Study Design and Methods

The study had two objects of focus, one a technological environment and the other a museum. We focused on Science Buzz as the technological environment because of its value as an exemplar of best practices on Web 2.0. For the museum environment, our focus is the North Carolina Museum of Life and Science (MLS) because of their broad experimentation with a range of technologies and practices which makes them a compelling site for an examination of changes in museum practice.

We have already shared the simple question that motivated our inquiry: our desire to understand what is really happening with and through new Web-based technologies. Our operational questions maintain this descriptive focus with a particular interest on learning and what we call the “co-construction of knowledge.”

  1. What is the nature of the community that interacts through Science Buzz?
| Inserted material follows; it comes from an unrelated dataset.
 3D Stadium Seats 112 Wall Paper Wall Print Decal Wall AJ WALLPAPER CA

This is a descriptive question intended to develop a community profile based largely on how that community interacts.
  2. What is the nature of the on-line interaction? This is also a descriptive question intended to identify key forms of interaction. In other words, what are people doing on-line?
  3. Do these on-line interactions support knowledge building for this user community? The discourse analysis will enable a description of the interactions and knowledge building.
  4. Do on-line interactions support inquiry, learning, and change within the museum – ie, what is the impact on museum practice? As an institution changes its approach to interactions with the public on-line, how do practices on-site change?

Discourse Analysis

Our work with Buzz was structured by our approach to discourse analysis. The key characteristic of most Internet-based interactions - a characteristic that is so common as to be invisible - is that they are written. In fact, the explosion of Internet-based technologies should be credited with driving a renewed interest in writing (as well as reading), although it is clear from public discourse that the arguably radical changes from all this writing (e.g., anyone can blog) are not widely perceived as positive. The essential point, however, is that if one wants to describe, characterize, or understand what is happening with Web 2.0 and other on-line interactions, one must do so via writing (a statement that is particularly true if we take a broad semiotic view of writing as encompassing the use of sound, image, and video).
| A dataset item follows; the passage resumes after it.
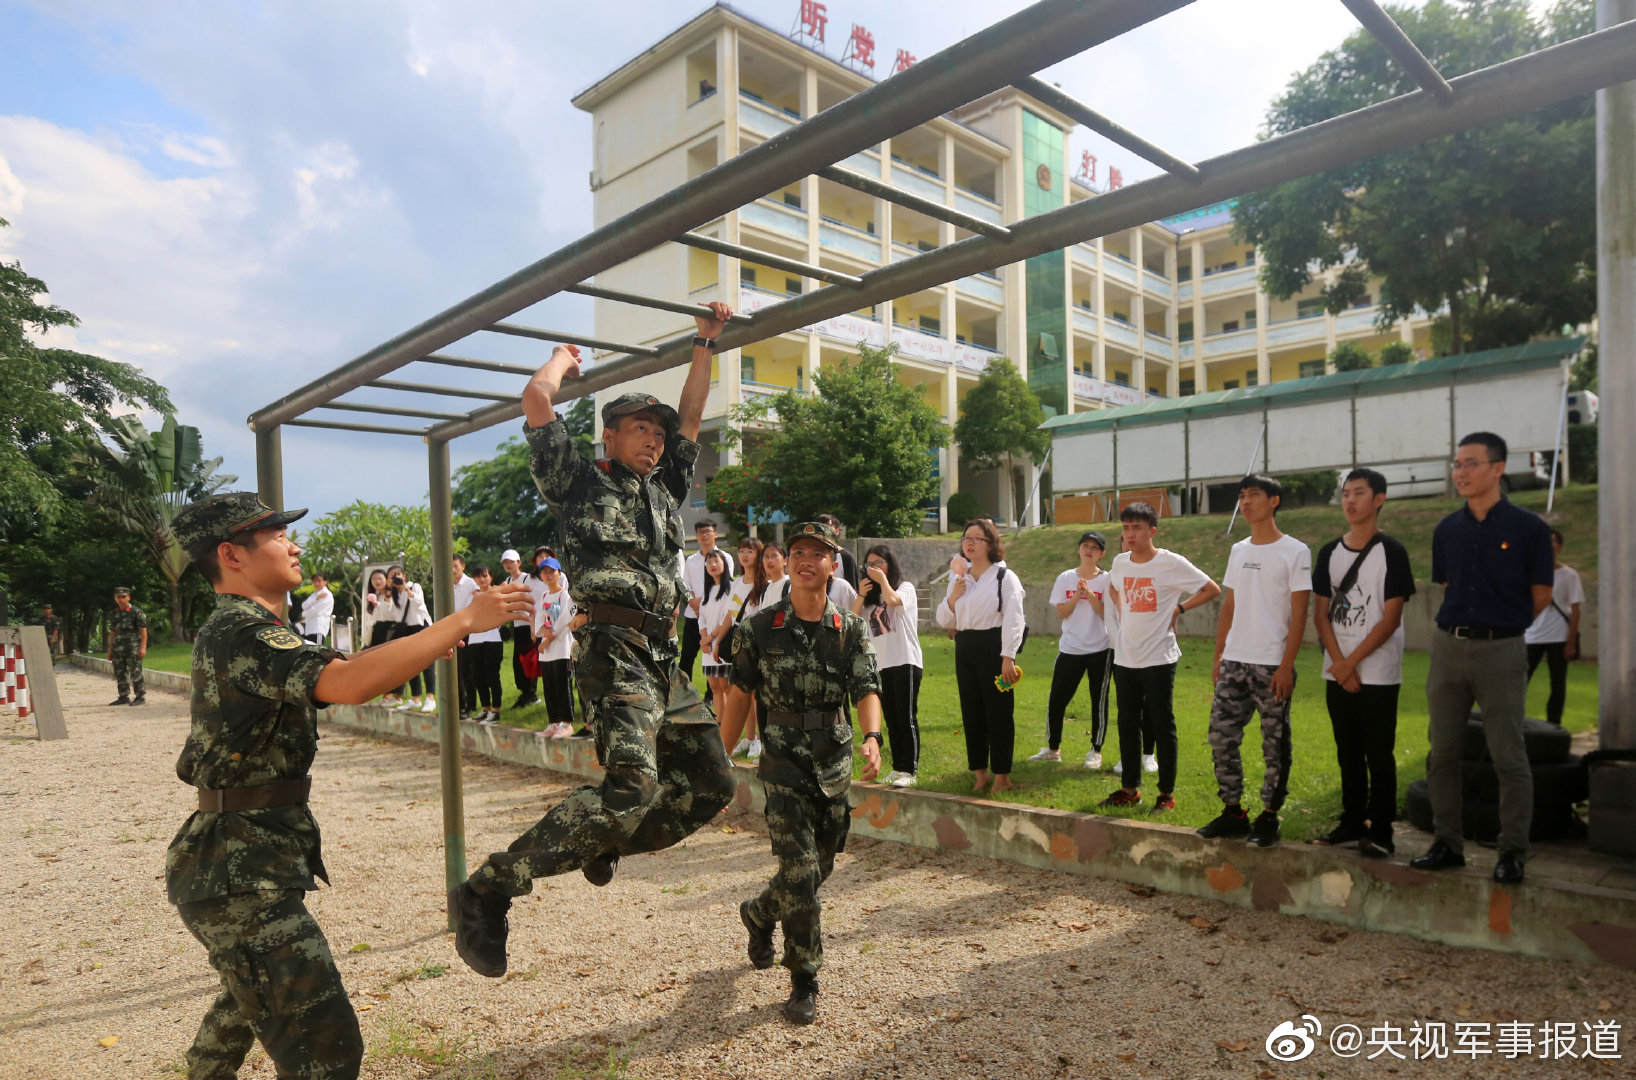 淬炼青春 筑梦军营 | 在校大学生走进武警海南省总队儋州中队体验军营

The fact of all this writing as the material of on-line interactions means that we need good tools for analyzing the discourse. Discourse analysis provides a structured and systematic way of reading and interpreting the interactions. Discourse analysis is commonly used to characterize and understand communication interactions (Fairclough, 1992; Dijk, 1997; Wood & Kroger, 2000; Schiffrin, Tannen, & Hamilton, 2001; Bazerman & Prior, 2004; Gee, 2005) and has been used in museums to study conversations as well (vom Lehn et al., 2001; Allen, 2002; Ash, 2003).
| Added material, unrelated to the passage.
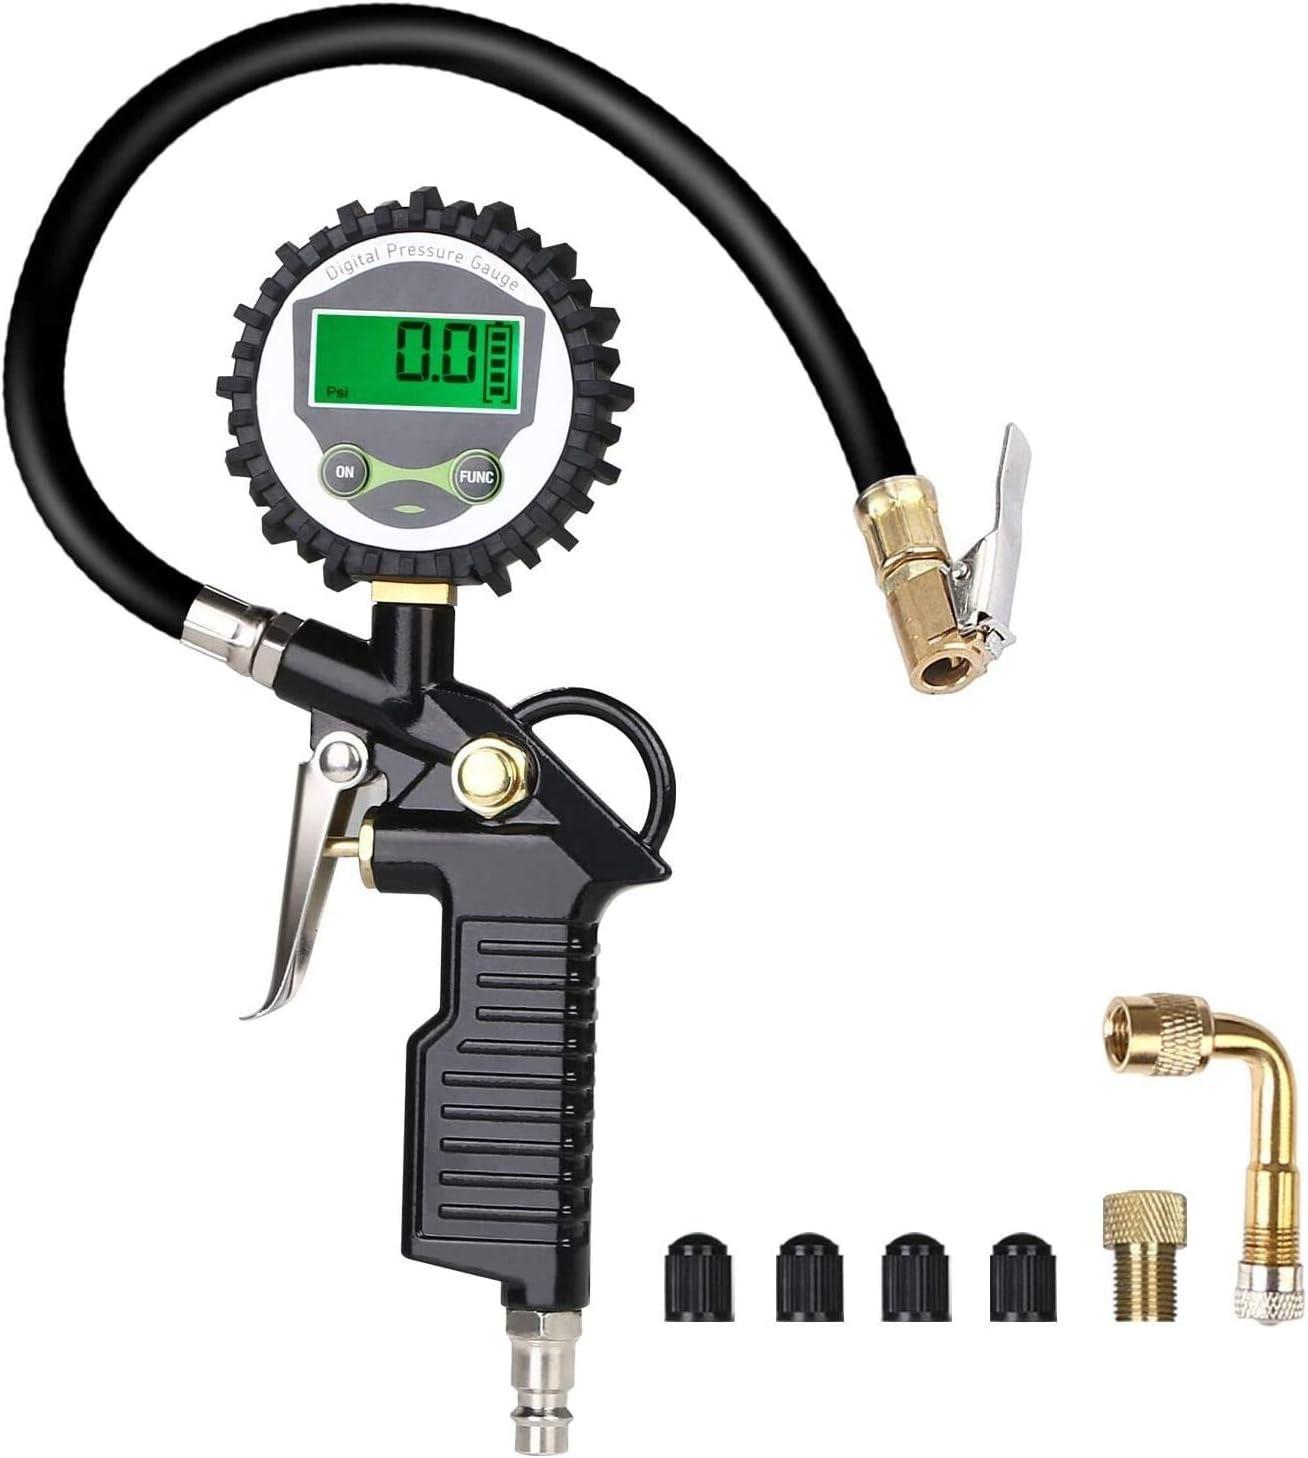 URAQT Manometro Presion Neumaticos, Manómetro Digital con Pantalla LCD, Manómetro de Neumáticos, Medidor de Presión de Neumáticos con Manguera y Acoplador para Motocicleta, Bcicleta y Coche

However, to the best of our knowledge, there are no available analytical schemes suited to the problems we are trying to solve in this study and responsive to the theory driving the inquiry. Therefore, one of the primary tasks of this study was to build an analytical tool that was descriptively accurate - that reflected and was responsive to the discourse as people used it on Science Buzz - and that was also theoretically driven by relevant work on the relationships between communication practices and knowledge building. For instance, if we look to work in formal argumentation for guidance and tools to address relationships between argument (as a style of communication) and learning or knowledge construction, most schemes are interested in formalized models of interaction and on “knowledge” as an objective truth (Toulmin, 1958). That is, the desired outcomes are very specific knowledge statements, and the discourse models for arriving at those outcomes are often rule-bound. Very few “live,” real world interactions fit within the boundaries of these interaction models (yet we all still manage to arrive at meaningful understandings of the world around us).

A second primary task is an attempt to disrupt what we see as a serious problem in how learning is thought to happen in groups. As we have mentioned, there is significant work in education that understands learning to be a function of argumentation. While we agree with this basic premise, we suggest that learning theory takes a narrow view of what counts as “argument” and therefore of what contributes to learning. Argument theory is typically concerned only with what Aristotelian rhetorical theory would understand as “logos” or reasoning; indeed, it is often concerned with formal reasoning (Toulmin, 1958; van Eemeren, 1996; Bex et al, 2003). Clearly, rhetorical theory is essential here, as it is the theoretical ground from which learning theory based on argument has been built. But rhetorical theories of how people reach understanding and agreement are layered and complex and account for issues other than logos or pure reasoning. Rhetorical theory has always been concerned with issues such as social and group norms, affect, and identity. In Aristotelian rhetorical theory - to cite just one example - these issues were attributed to either “ethos” or “pathos” and worked together with “logos” to achieve aims. Our claim, here, is that any tool for analyzing discourse at it really happens in the world (i.e., not in controlled environments) must be able to account for a more complex mode of argumentation, one that accounts for group dynamics and various identity issues.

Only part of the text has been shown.